You talked a bit about commercial dog-breeding and puppy mills. If you walk into a pet store, what is the chance that you're going to encounter dogs from a puppy mill?
Very high. Reputable breeders wont sell to pet stores. The thing to remember is that puppy mills aren't illegal. The term refers to mass breeding facilities and that is perfectly legal. Mass breeders typically sell to pet stores.
Have people stopped pampering their pets now that we're in a recession?There are two things going on right now. First, when it comes to decisions about money and pets, the number of people who don't have a choice increases. People's houses get foreclosed and they have to rent somewhere and the landlord doesn't take pets — well, they don't have a choice anymore. Similarly, at vet hospitals when the vet says, "Listen we can do this procedure that might save your animal but it will cost $8,000." More people are saying, "Well I don't have $8,000." But for people who do still have a choice, you're seeing a willingness to scrimp and save for themselves before they demote their animals. Over the last generation a lot of people have promoted their pets to the status of honorary child —they call them "Fur babies."
Is it just me or is everyone giving their dog a human name?There's a list of the most common names among policy-holders for pet insurance and the most popular dog names are Jake and Chloe and Bella — they're very similar to the names in my daughter's preschool. They're not the kind of names you'd find in dog cartoons. There are no Spots or Fidos. I think that speaks to what's going on and how we view pets as a part of the family. If you look at older descriptions of dogs on headstones at pet cemeteries, they say things like, "Here lies Fido, a loyal servant." By the mid-20th century it's, "Here lies Fido, my best friend." And nowadays you can go to online tributes to deceased pets and people write things like "Here is Jake, my baby."
Does this over-pampering apply to other pets as well?Most of the creativity has mostly been towards dogs because they have more variables. Going out in public is a big thing; people with cats don't really do that. So that's why there is a lot more action in the dog-accessories market, but I think it applies across the spectrum. I don't know that any of this speaks badly of us.

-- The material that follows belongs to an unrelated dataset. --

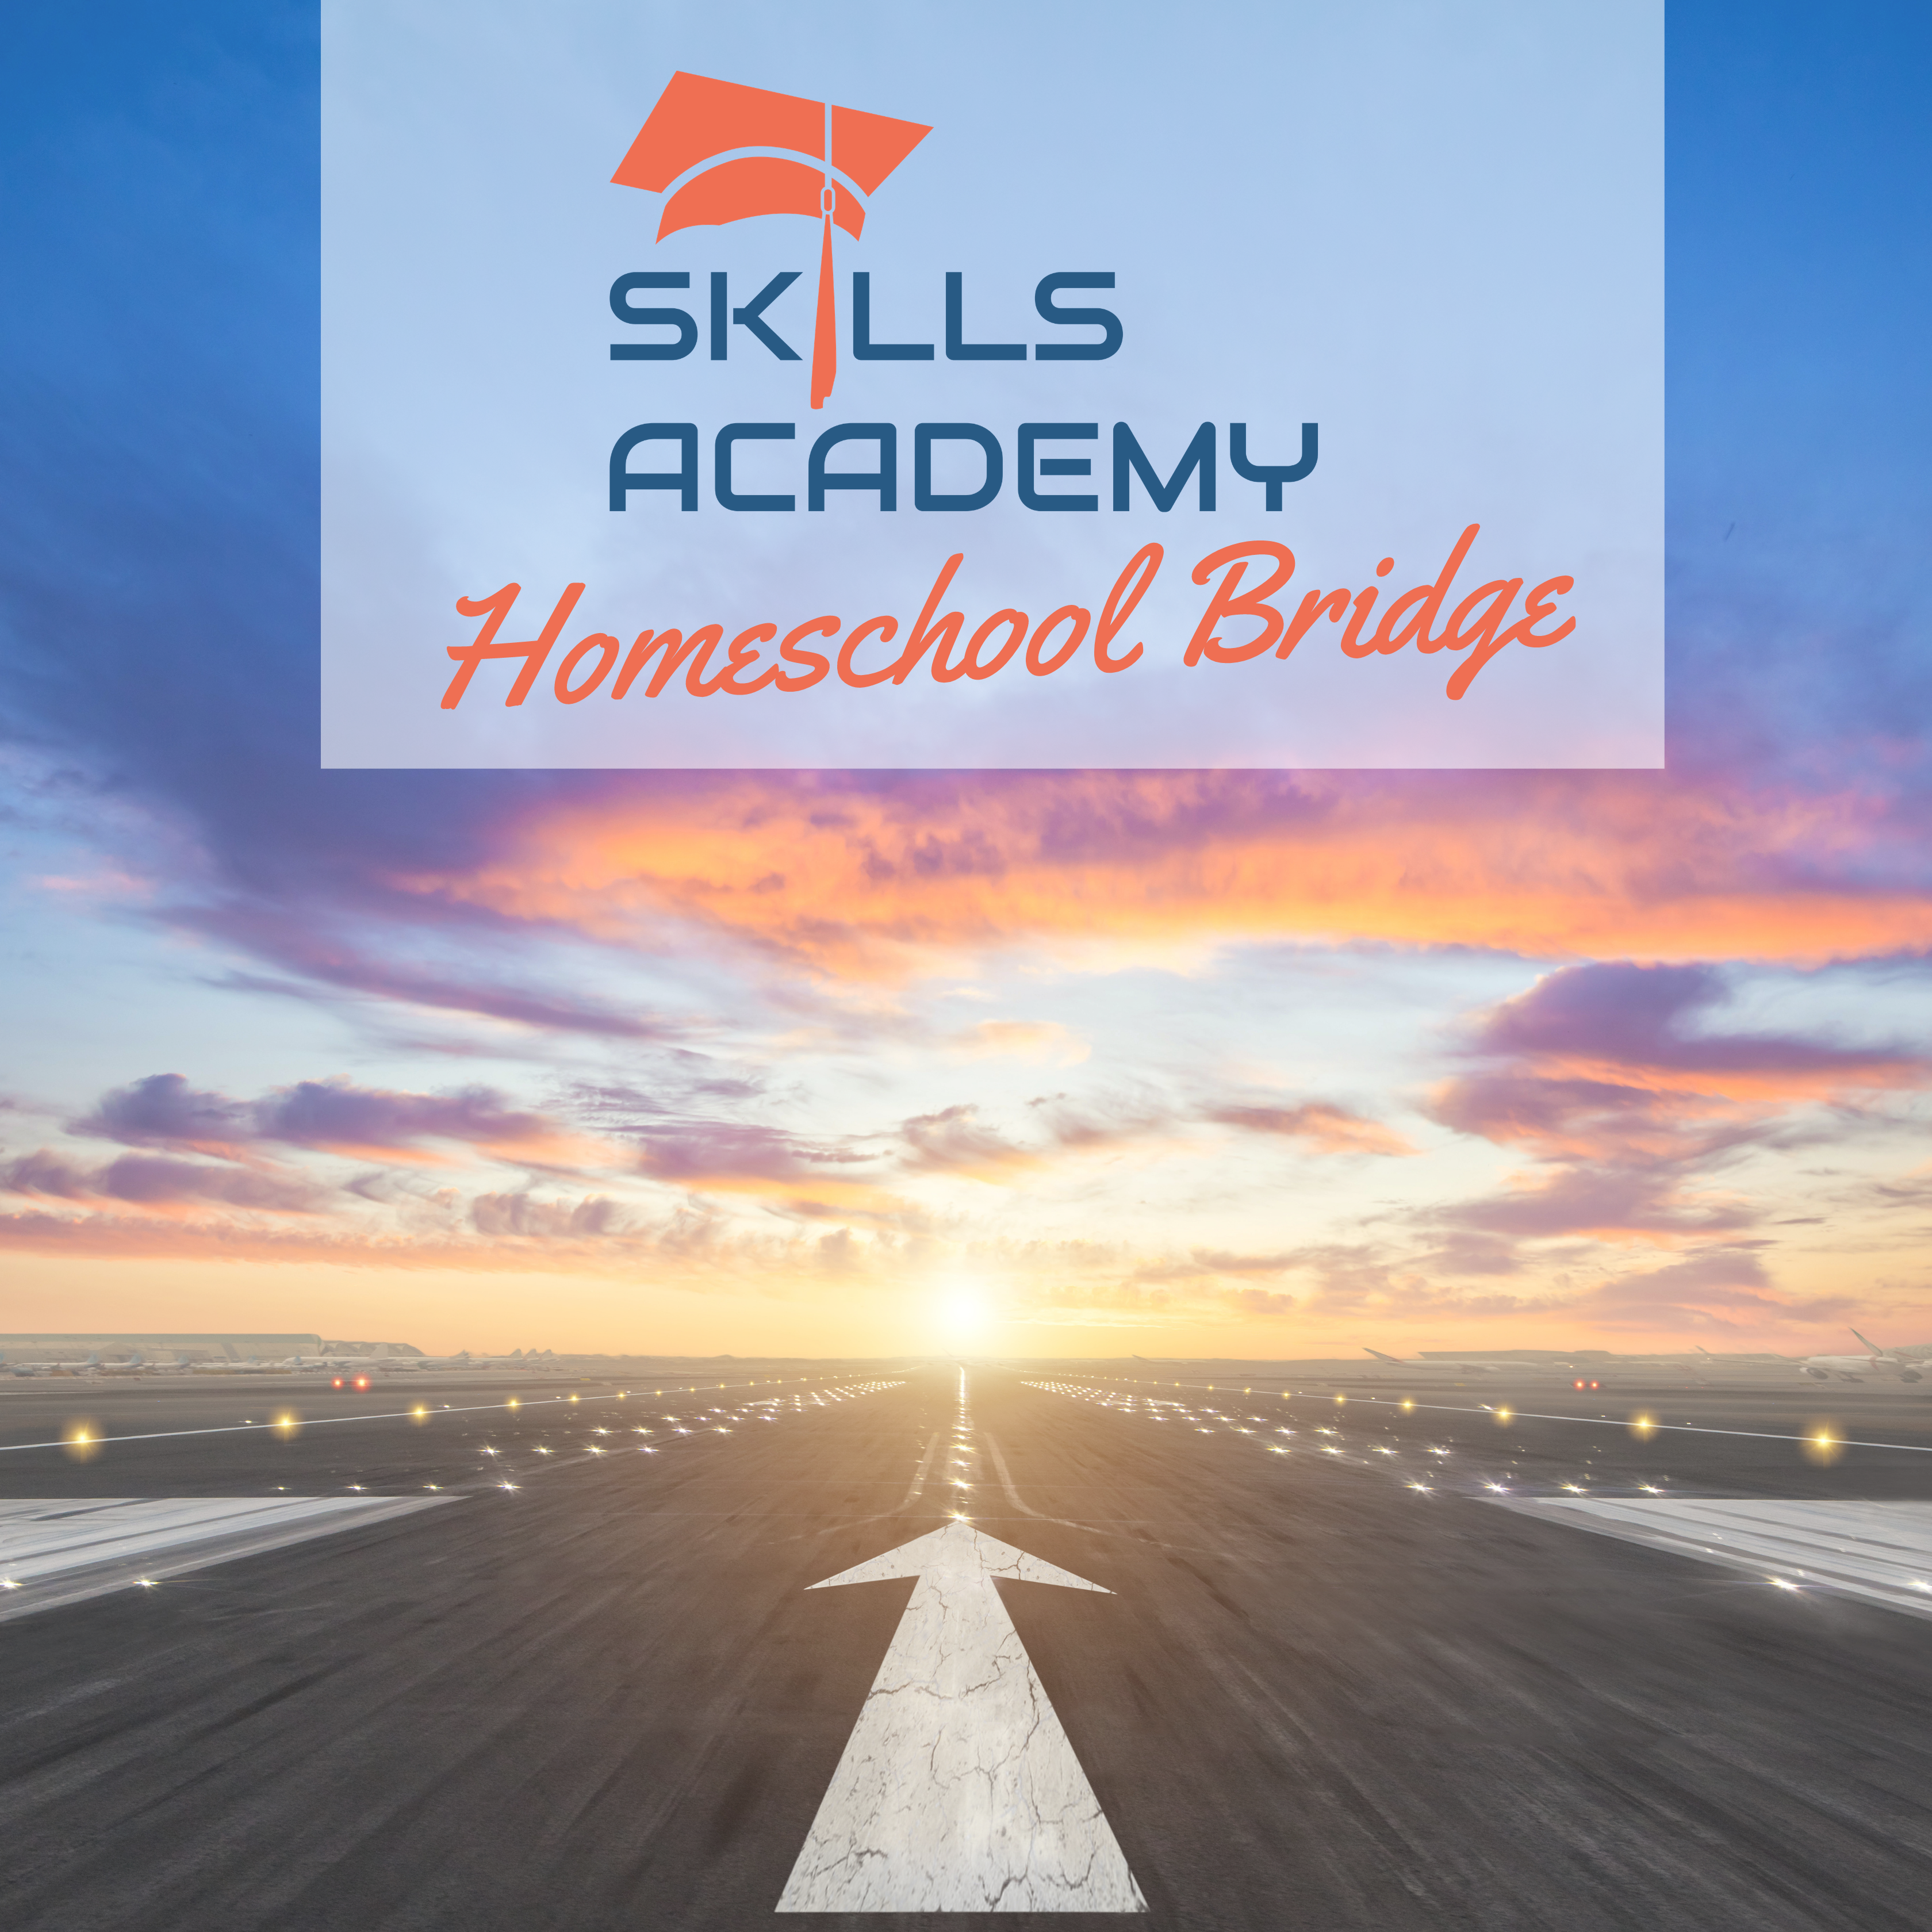 Homeschool Bridge subscription plan

What we now consider normal — all-natural pet food, expensive veterinary procedures — was just a little while ago considered as excessive and silly as dressing your dog up in a little tuxedo. The first professional journal for feline medicine was only established in the late 1960s. Before that if you went to vet school they didn't teach you about cats, really. Now 40 years later we're doing feline kidney transplants. So the measure of what is ridiculous is a very moving target. And it tends to be moving in one direction, which is up.